There is a tremendous variability for us about volume of calls. Some weeks 100 calls, this week 2. That is quite the range...
As far as how many estimates in a week during the busy season, 40 is quite a few and probably average.
The qualifying and pre-interview for me is critical. I know what we sell and if you aren't looking for us, you will be wasting my time. I give the price for anything that is remotely small over the phone - having well established minimums. I am not retentive about this, but I stick by my guns unless there are extenuating circumstances.
Driving is a waste of time. Line them up well. Confirm them. Show up on time or call. Use email if your client uses it. Communicate clearly (about 30% of people cannot be communicated with effectively no matter how clear you are) Appointments have a MUCH higher probability of closure. I have had secretaries schedule days with high amounts of backtracking.
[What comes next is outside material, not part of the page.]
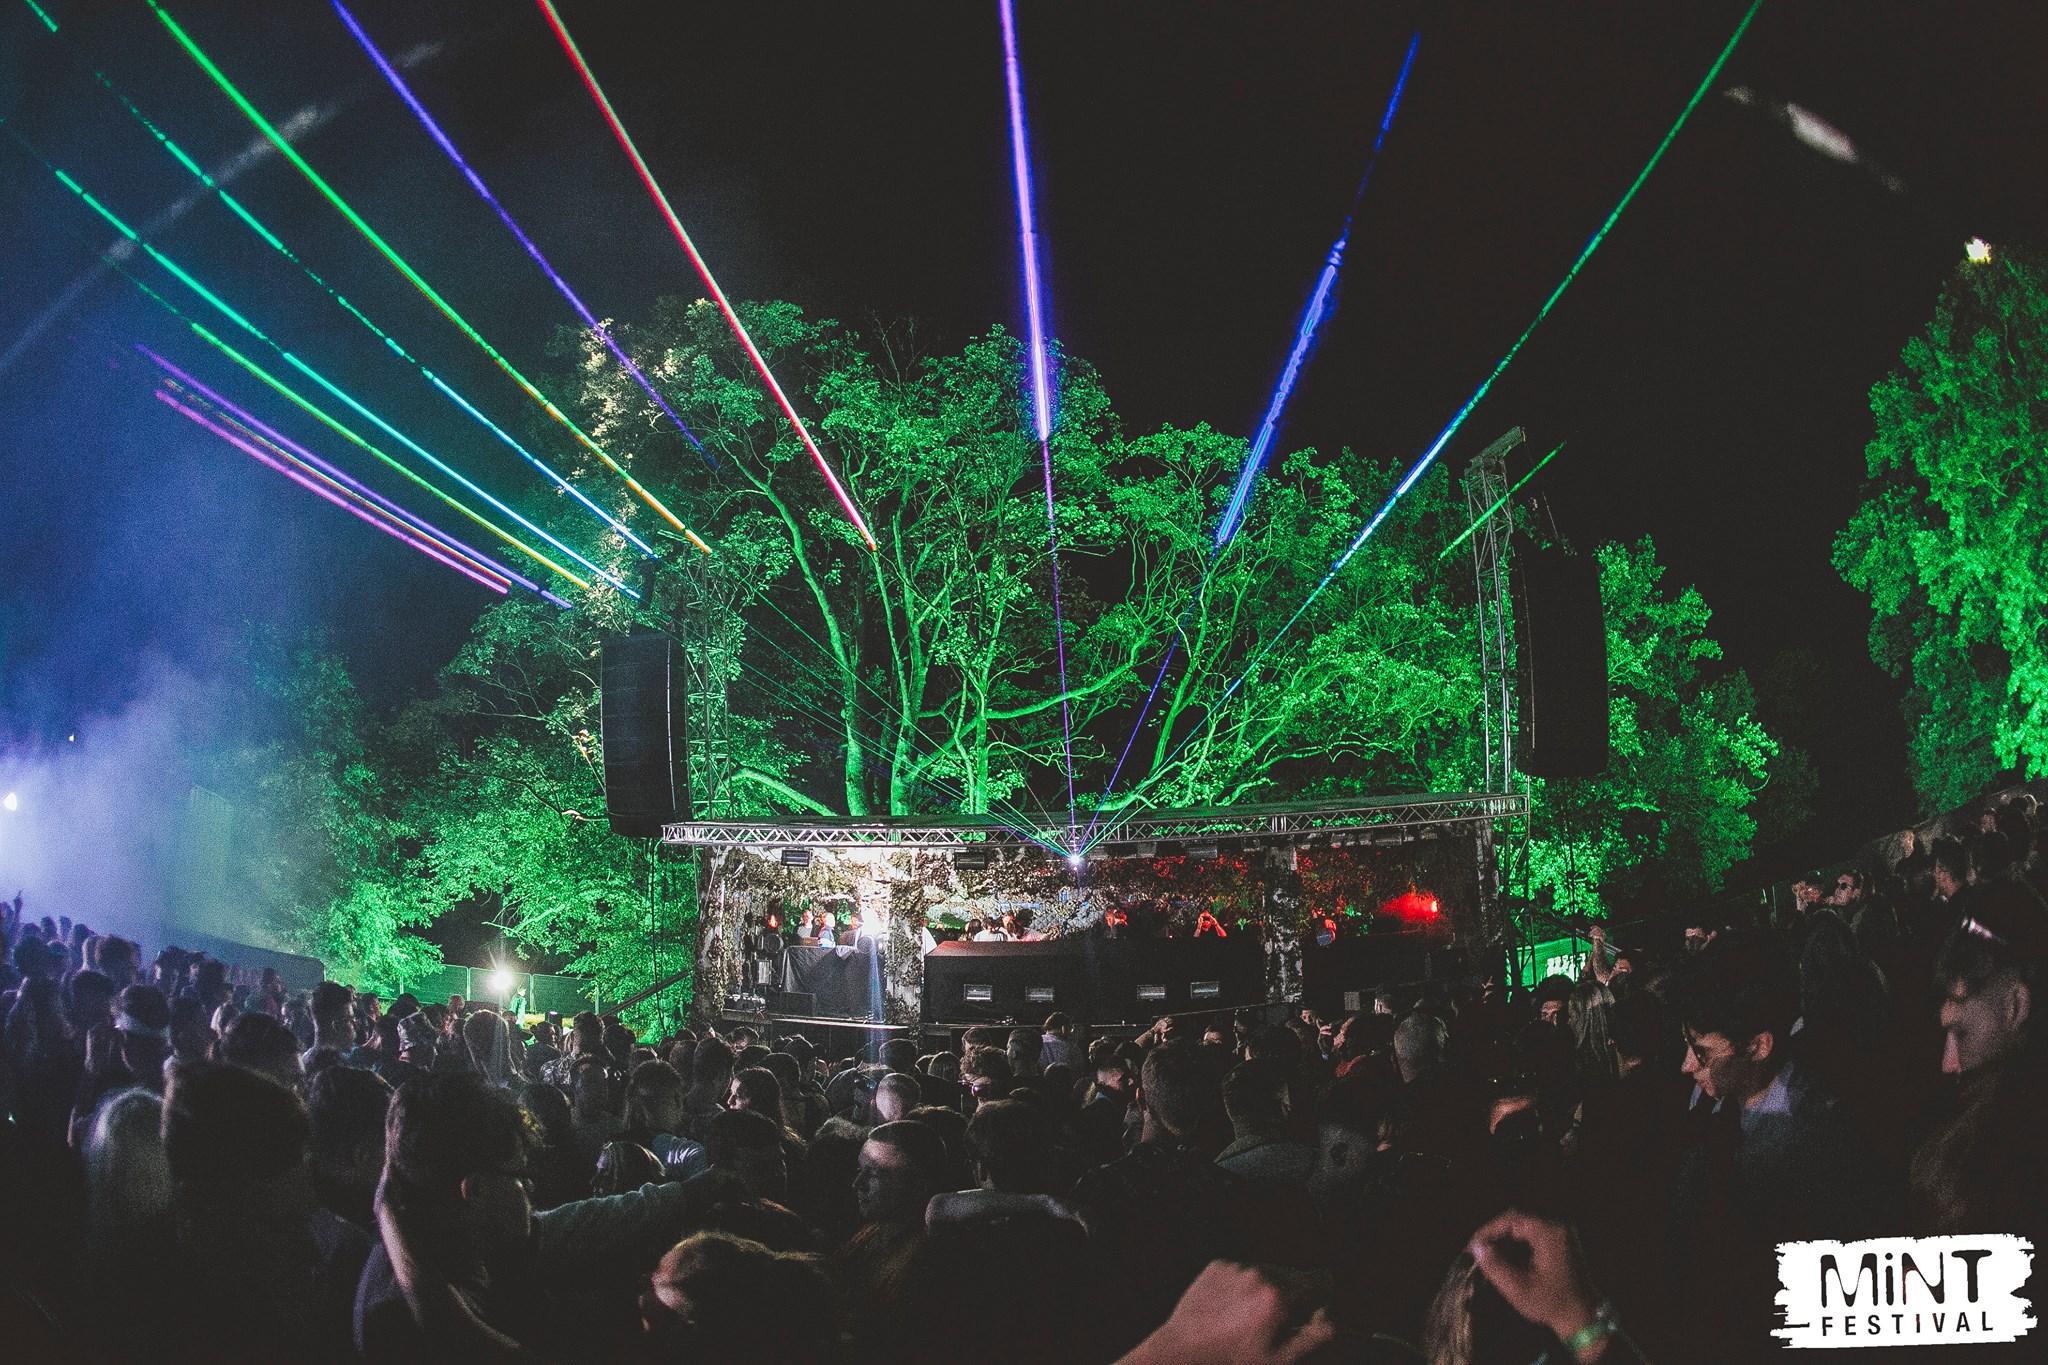 mint festival 2018 on sat 22nd sep 2018 at tba leeds fatsoma

The reason I went looking is exactly what you stated - each estimate takes an hour. 200 estimates X $75 = $15000. Estimating cost for a month. Why exactly do we not charge for estimates? Incidentally, saying there is a charge on the phone tells you whether the potential client is cheap or not. My experience is that they never even ask you how much is the charge. I charge $11 for an estimate to be refunded on the work performed invoice for an "estimate". If you are going to ask me any questions or you aren't sure what to do and need my "professional opinion" the cost is $47 and I am not going to deduct it from the work invoice. I do spend quite a bit of my down time learning as much as I can, so my opinion has some validity - maybe not congruous to everybody else, but my perspective.